From: Newsfeed to Email Gateway <firstname.lastname@example.org>
Date: Fri, Mar 11, 2011 at 5:44 PM
Subject: Tsunami disasters and the cost of making things (Metamodern)
When I wake up to news of a coast smashed by a tsunami, I see yet another sign of our relative material poverty, a sign that our civilization hasn't yet mastered the art of making things.
Japan, by modern standards, is rich, yet costs deterred the construction of deployable barriers able to resist fast-rising sea*. If our civilization had mastered and applied the art of making things (including large, strong, inexpensive, reliable things) the impact of shift in the crust and a surge of the sea could have been slight.
Physics says we can do much better, dropping the cost of making high-performance products close to the cost of supplying simple raw materials, dropping the cost of structures, computers, photovoltaics (and more) by orders of magnitude.

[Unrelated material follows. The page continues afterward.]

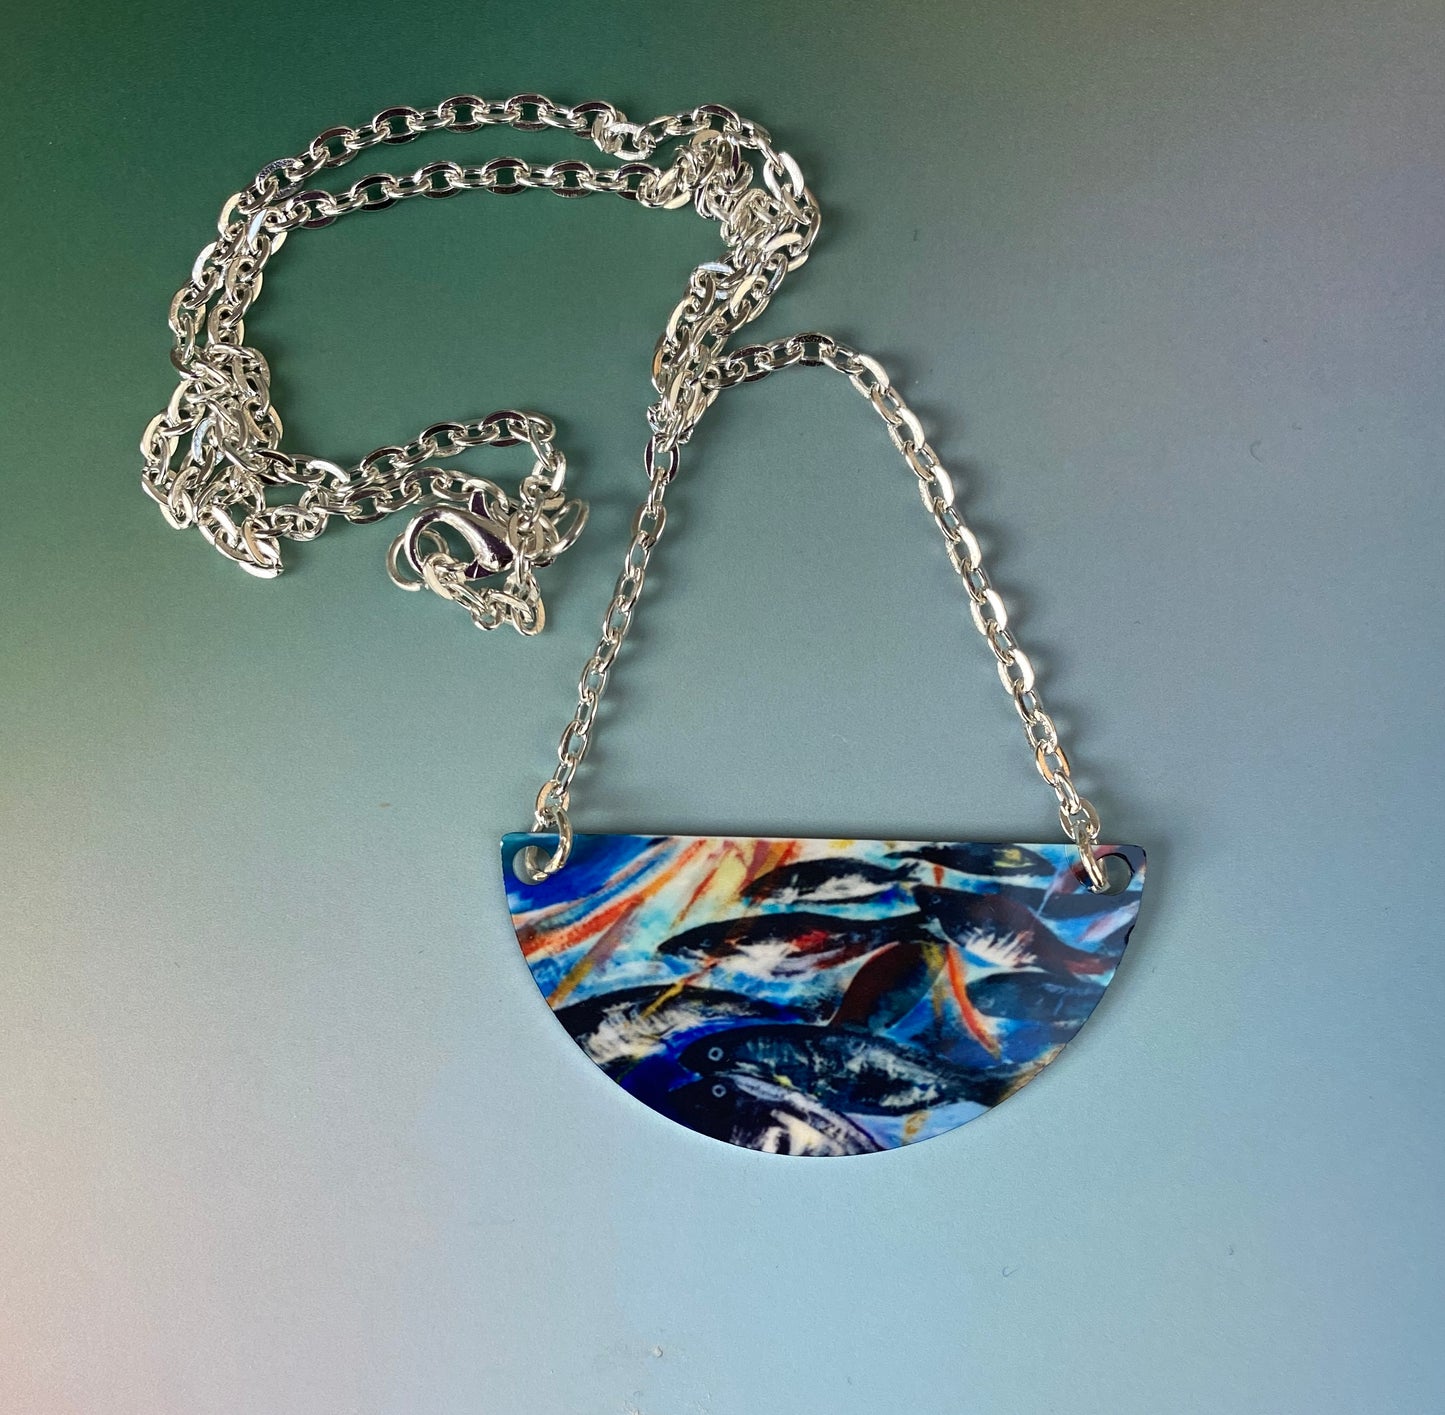 A pendant necklace design, Silver darlings by Orkney artist Jane Glue, Scotland

The economics of high-throughput APM will change the economics of disaster preparedness.
Video of surging water and tumbling buildings here.
* To be more concrete, here's an outline of one design for a barrier structure:
Barrier length: The length of the coastline to be protected from a tsunami surge.
Configuration (pre-deployment): A trench in the seabed offshore, a few meters deep and wide, located in water a few tens of meters deep.
Main anchoring structure: Cables stretching a few hundred meters further from shore, then deeply anchored into the seabed.
Configuration (deployed): A buoyant tension structure, restrained by the cables, that (when released) rises with the water level on the seaward side.
I leave the constraints on membrane curvature, tension, and cable geometry, together with float volumes and cable strength, as an exercise for the design-oriented reader; some water flowing over the top is acceptable.
A radical reduction in the cost of manufacturing structures — and of the equipment needed to put them in place — would make an engineering project of this sort practical.